Dish reported that they met their June 2023 FCC buildout requirement of covering 70% of the US population. They are expected to have a brief slowdown in activity, and then estimate another $2 billion in capex to meet their 2025 buildout requirements. They announced a merger with EchoStar which, according to industry analysts, is expected to provide them with additional capital for their continued network build. Finally, they remain engaged on the purchase of 800 MHz spectrum from T-Mobile.

US Cellular reported a continued trend of net postpaid subscriber loss, however their rate of postpaid churn has slowed 8% year over year. On fixed wireless, they stated they surpassed 100,000 subscribers in July. Additionally, they reported 10% year over year growth in tower rental revenues – their current owned tower portfolio is more than 4,300 sites with almost 2,500 colocation tenants on these towers. Finally, the company stated that they are exploring “strategic alternatives”, meaning a sale of the company or its assets, although additional detail was not provided. Industry experts have speculated that T-Mobile, AT&T, and Verizon are the most obvious perspective buyers, in which case they would acquire US Cellular’ s subscribers and wireless spectrum, while potentially reselling their tower assets.
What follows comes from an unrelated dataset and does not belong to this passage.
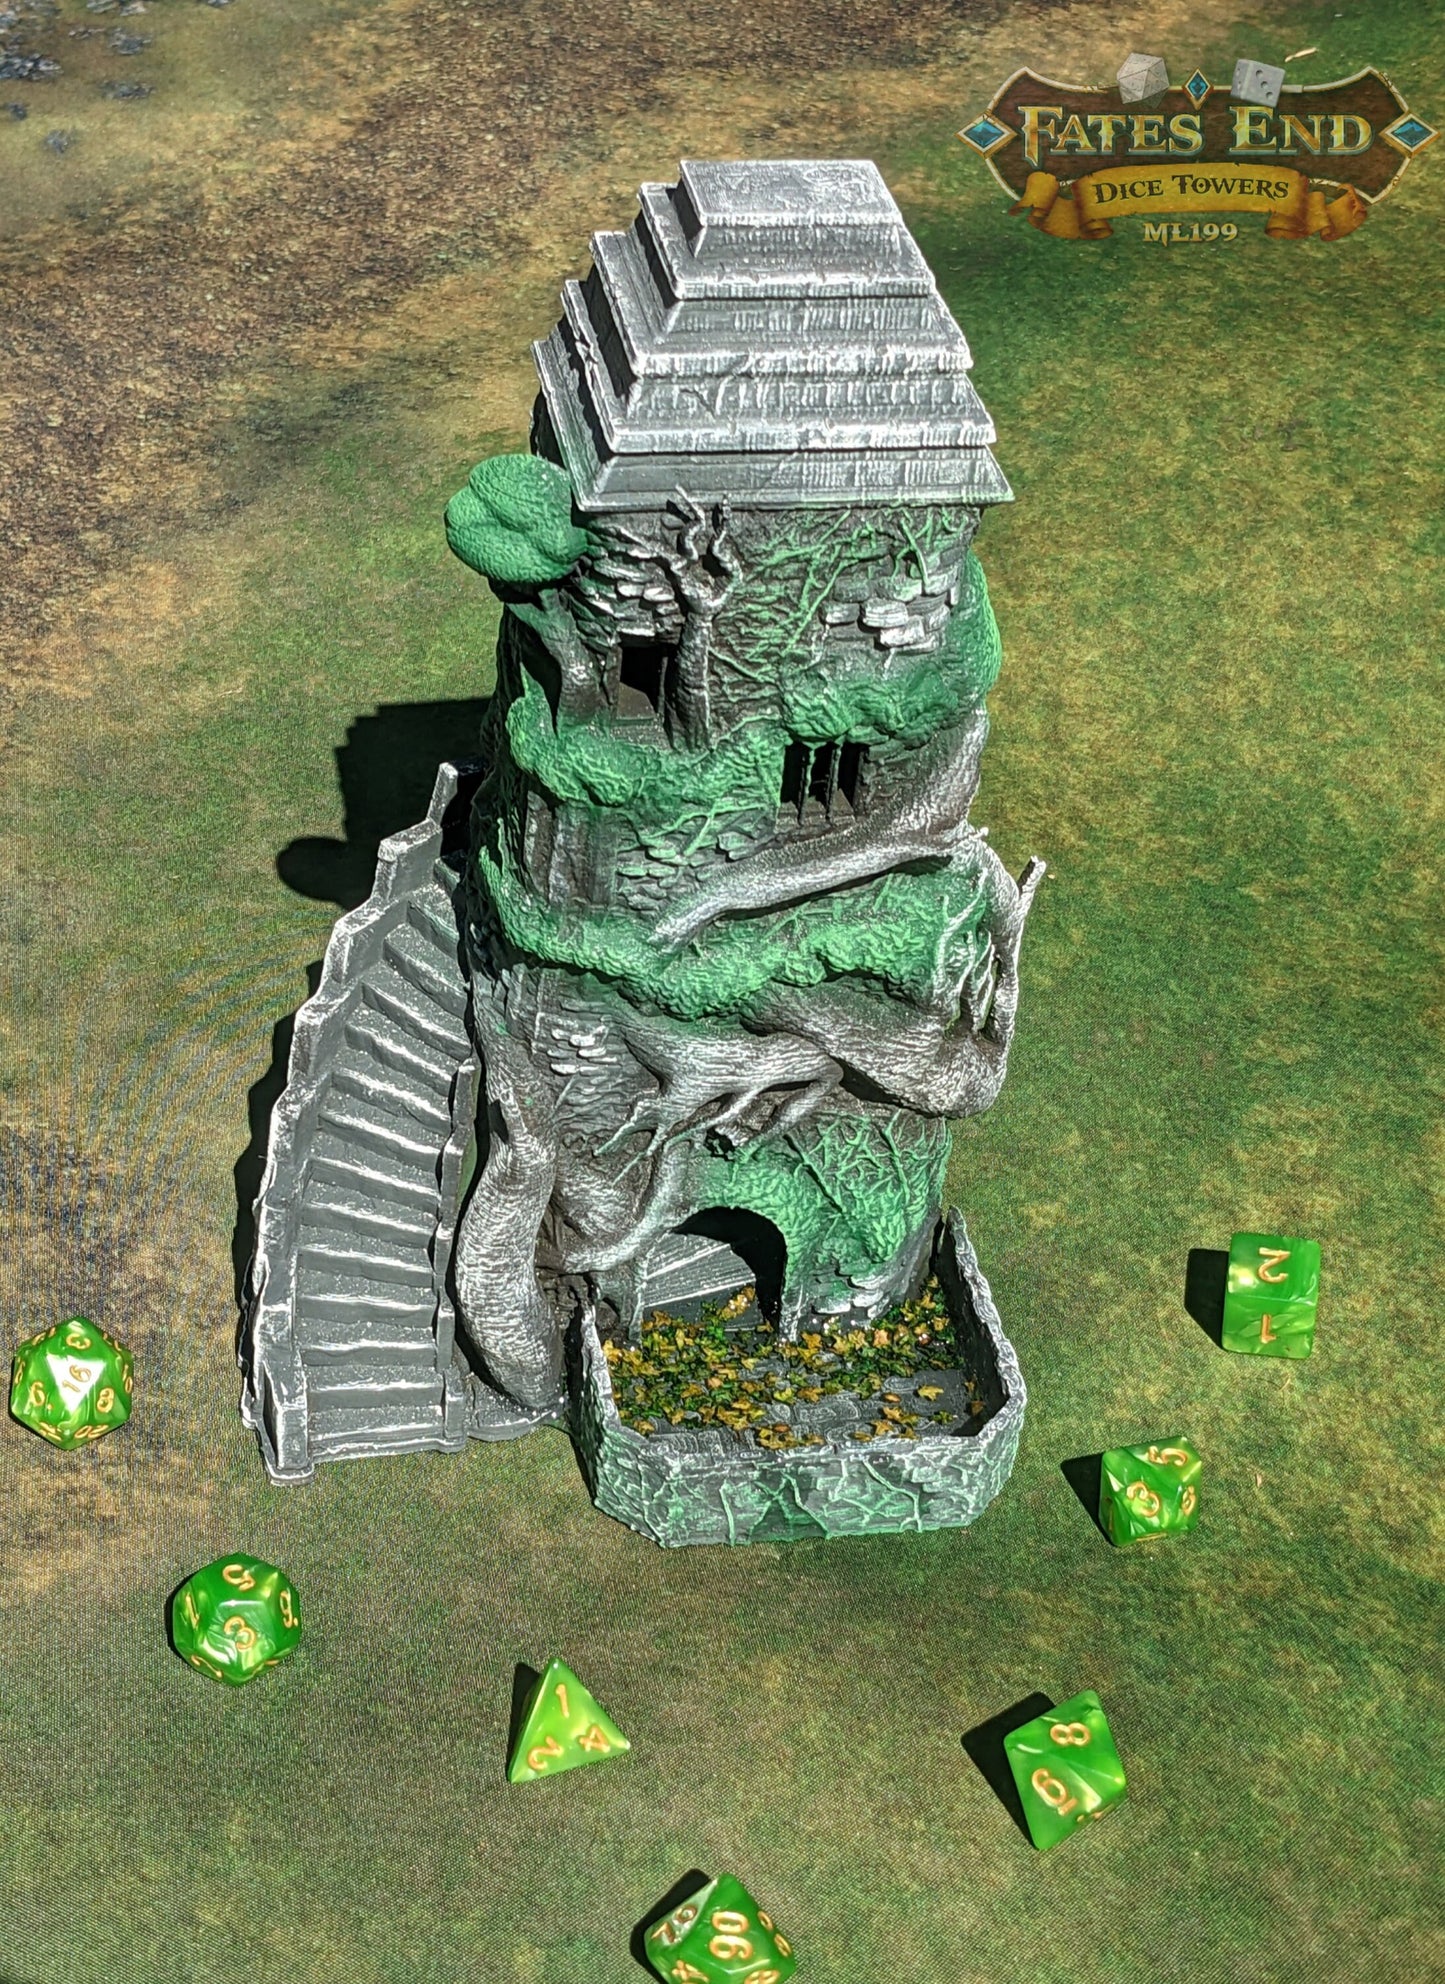 Centaur Dice Tower - Fate's End Collection - Gallop Through Mythical Realms with Every Thundering Roll.
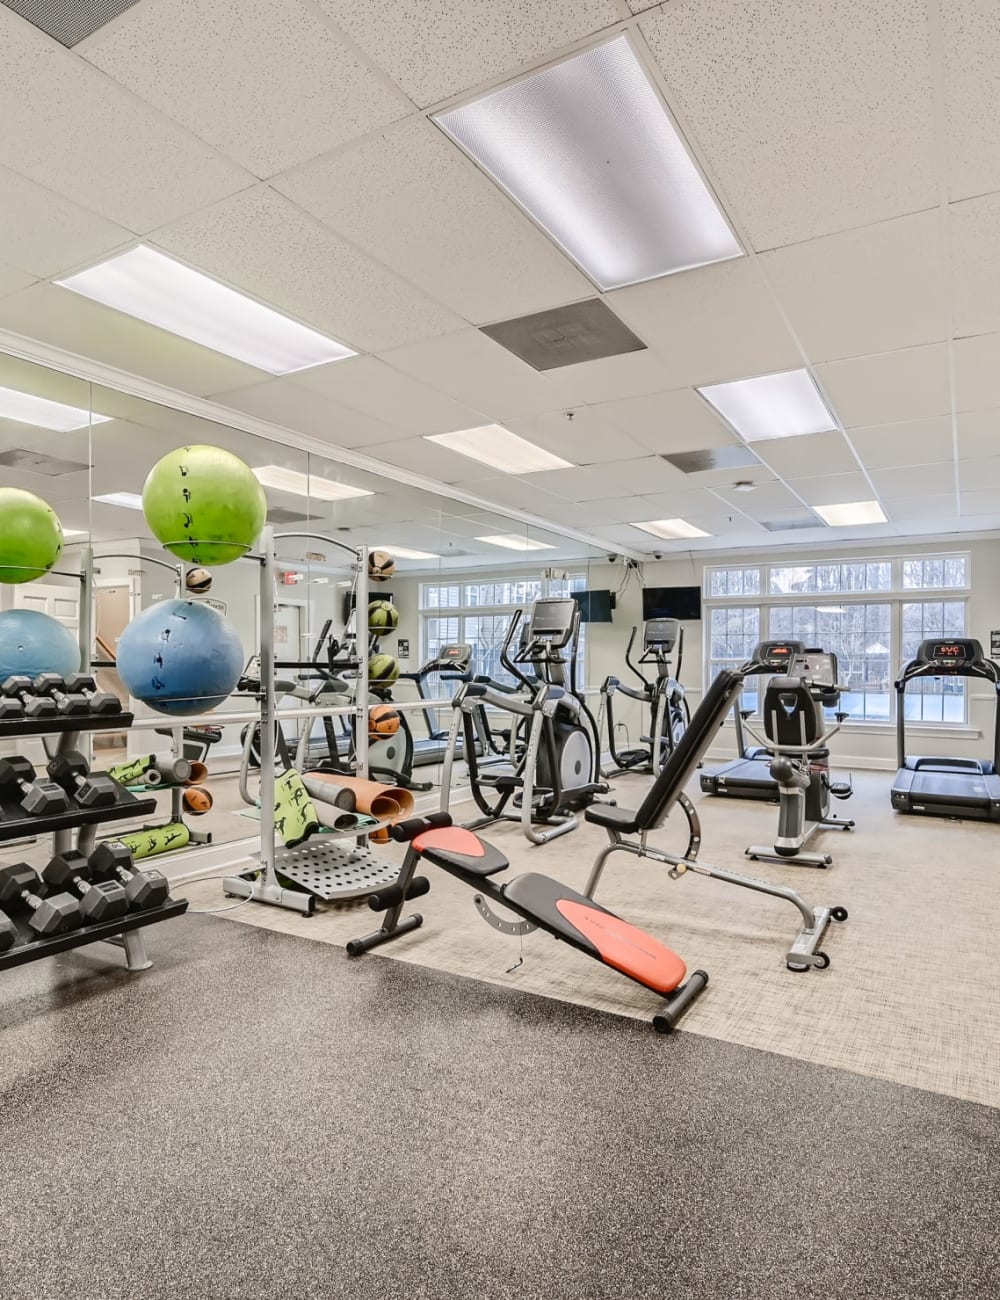 Exercise equipment in the fitness center at Park at Kingsview Village in Germantown, Maryland

Comcast and Charter reported that they added 316,000 and 648,000 subscribers, respectively, by the end of the quarter and both now exceed 6 million subscribers. Both have MVNO agreements with Verizon, but are attempting to offload as much traffic as possible onto their own WiFi networks, and Charter specifically has deployed CBRS in one market with plans to deploy additional markets next year, although they emphasized it’s going to be highly targeted with disciplined capex, and they do not have plans to build a large network of macro cell sites.